* [WHAT YOU ARE ASKED TO DO]:
Go through the entries below and copy each line that holds the word "total".

[DATA FOR THE TASK — start]

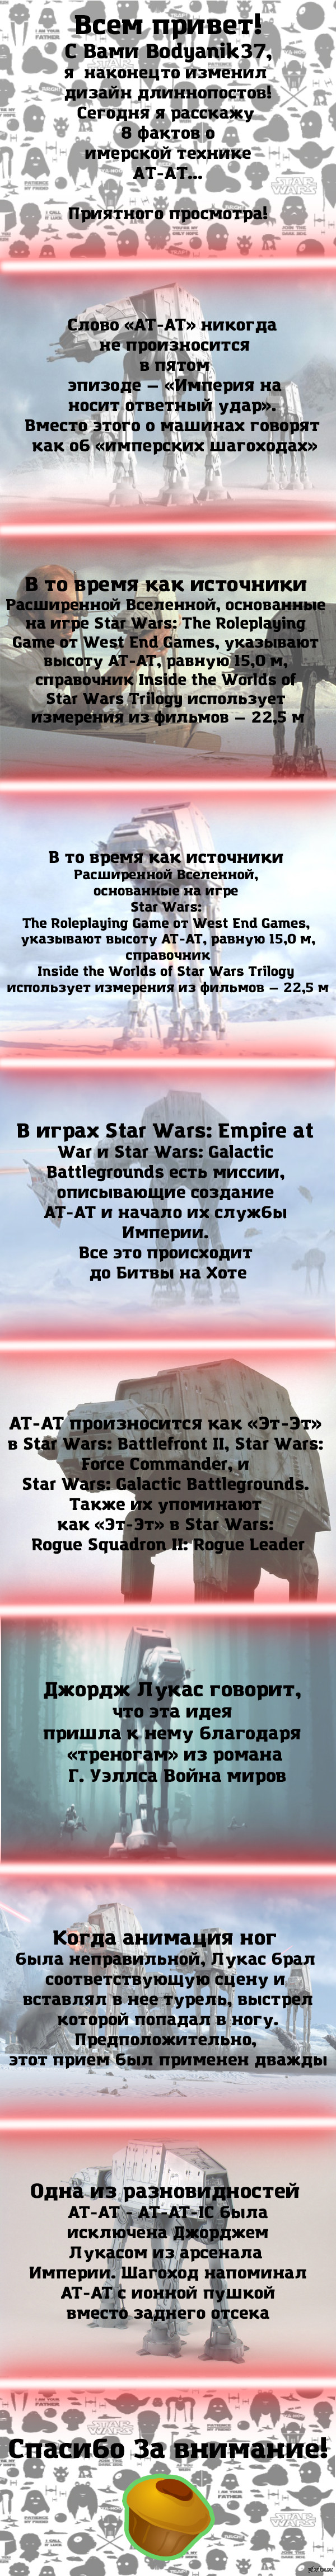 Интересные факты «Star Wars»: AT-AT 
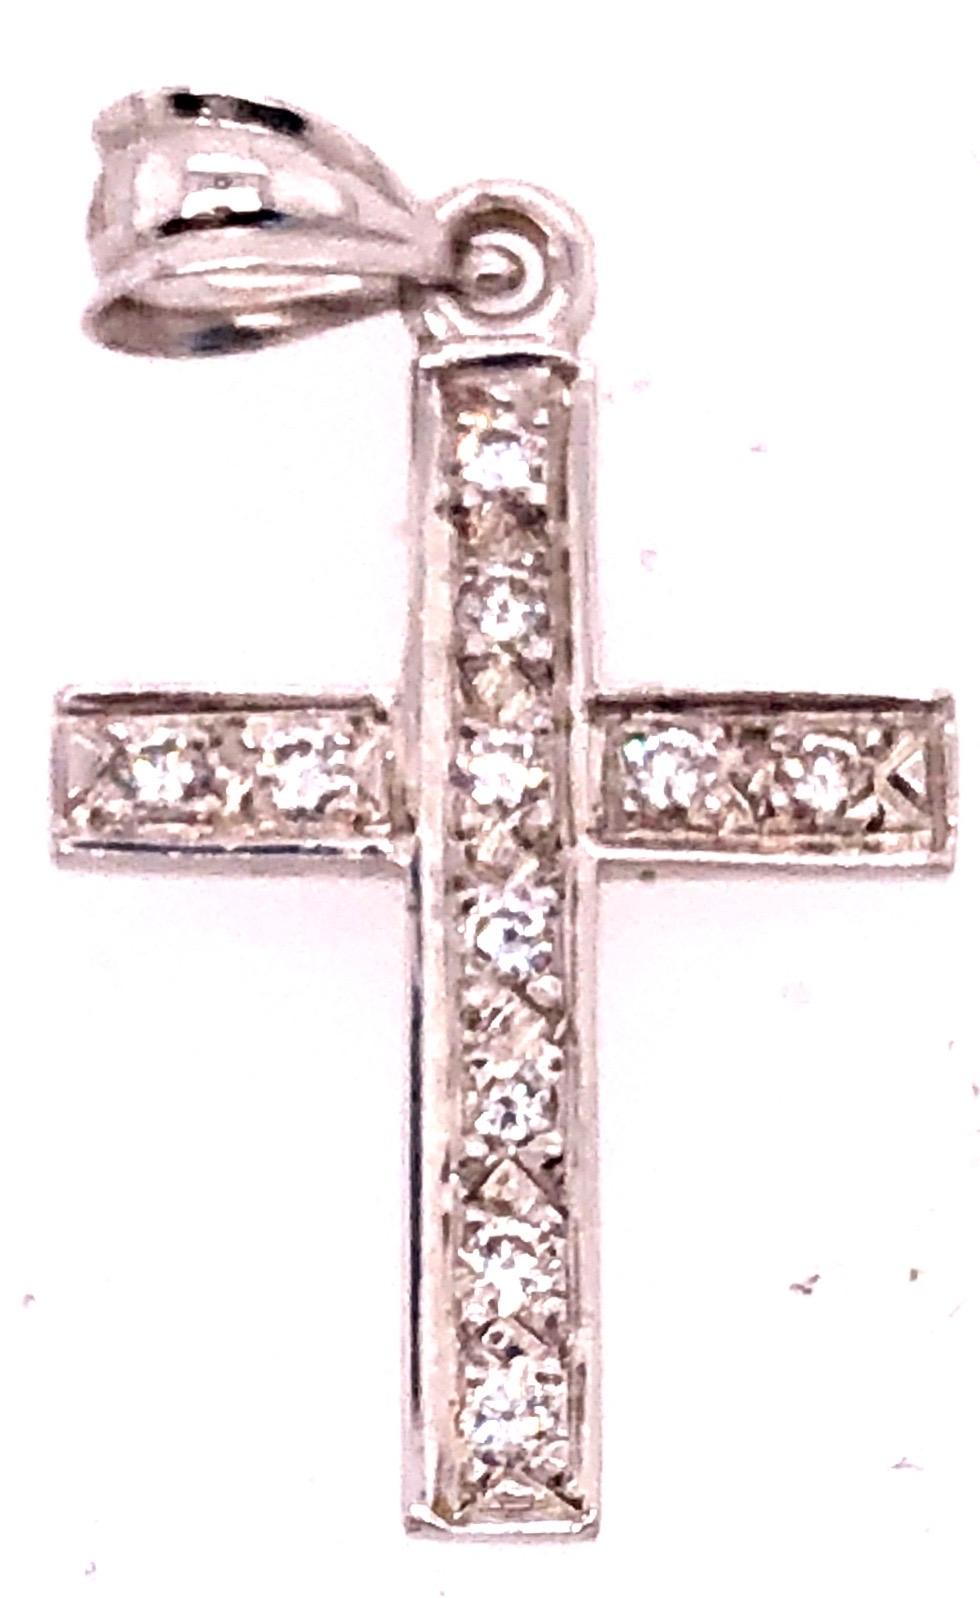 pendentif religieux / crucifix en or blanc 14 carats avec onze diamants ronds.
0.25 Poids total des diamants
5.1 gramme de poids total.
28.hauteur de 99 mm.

[DATA FOR THE TASK — finish]
[DATA FOR THE TASK — start]

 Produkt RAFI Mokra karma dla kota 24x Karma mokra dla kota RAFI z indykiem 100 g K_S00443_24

[DATA FOR THE TASK — finish]

* [THE ANSWER]:
0.25 Poids total des diamants
5.1 gramme de poids total.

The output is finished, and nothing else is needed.